第11話 犯人探し?

 火文字を水で消した後、僕はアポロの元へ向かう。

 補習をしている教室へ辿り着き、扉を開けた。しかしアポロはいなかった。どうやら、いつもより早く補習が終わったらしく、アポロとは入れ違いになってしまったらしい。

「うーん、教室かな?」

 上への階へ行くほど、学年が上がっていく。補習の教室が五階なので、アポロの教室は一つ上の六階だ。階段を上がってアポロの教室へ。

 教室にも、誰もいなかった。今は放課後なので、生徒がいないのは当たり前だ。

 ここにもアポロがいないとなると、もう帰ったのかな?

 僕を置いて? もしかしたら今頃、校内中を探しているのかも。

「あんまり動き回るのも……ん?」

 教室から去ろうとした時、僕の視界に映るものがあった。

 光景の中で浮いているものがある。

 ある一つの机が、様々なペンキの色で塗り潰されていた。

 赤、青、黄、緑。混ざり過ぎて不気味な色になっている。

 黒なんて使っていないのに、黒色っぽい。

 ぐちゃぐちゃで、ごちゃごちゃで。

 塗り潰されている中に、僅かに見えるくらいの色で、小さく、メッセージが残っている。


【今すにディアてせ】


 ……意味が分からない。

 いや、分かりやすく繋げてみたけど、もちろん机には、空欄に入る文字がある。

 塗り潰されて見えない文字があるのだ。

 これだけでは分からなかった。

 そのメッセージも気になるけど、それよりも。この机、アポロのものだ。

「誰が、こんなことを……」

 アポロは、知っているのだろうか?

 このままだということは、放課後、誰かがやったのだろう。

「いじめ……?」

 そんな気配は、日中はなかったのに。

 いつからだろう? 僕が普段見る、アポロとクラスメイトの仲は、悪くはないはずだけど。

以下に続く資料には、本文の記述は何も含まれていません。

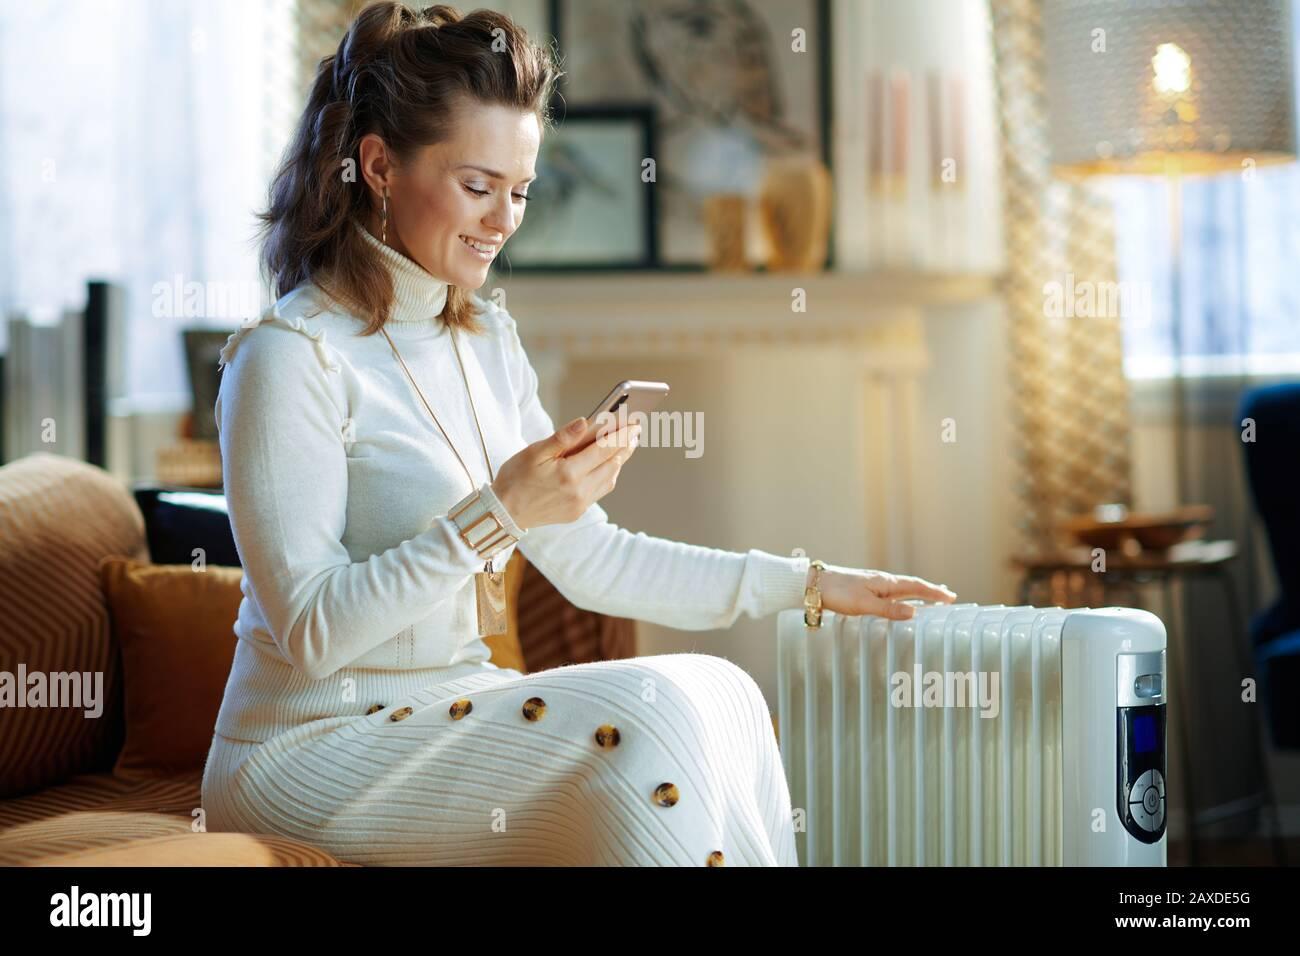 Fröhliche, moderne 40 Jahre alte Frau in weißem Pullover und Rock im modernen Wohnzimmer am sonnigen Wintertag auf dem Sofa in der Nähe weißer Elektroölradien sitzend Stockfoto

 そりゃあ、落ちこぼれだから、馬鹿にされることはあるけど。いじられる程度の、悪ふざけなようなものだろう。ここまでされるような恨みを持たれているとは思えない。

「と、とにかく、アポロの机を綺麗にしないと」

 ペンキって、水で落ちるのかな? と考えていると、扉が開く。

 バケツに水を入れて持ち、入ってきたのは、アポロだった。

「「あ」」

 アポロと僕の声が重なった。

 アポロは恥ずかしそうに、顔を俯かせた。

 若干、頬が赤い気がする。僕を無視するように机に近づき、バケツを置いて、濡らしたタオルで机を拭き始めた。

「あの、アポロ?」

「…………」

 お、怒ってる?

 いや、違う。

 ああ、そうか。いじめられているなんて、恥ずかしいよね。いじめられている生徒が誰にも相談できないのは、いじめられている自分を見られたくないからだ。

 単純に、恥ずかしいから。

 アポロがいくら感情表現を表に出さないとは言え、無感情ではない。

 表に出さない分、内側では誰よりも蓄えているはず。

 僕には見られたくなかったのかもしれない。

 マスターがこんなんじゃあ、ディアモンに示しがつかない、とでも思っているんじゃないかな。上に立つ者は、相応の態度や評価を持ち、見せつけなければいけないから。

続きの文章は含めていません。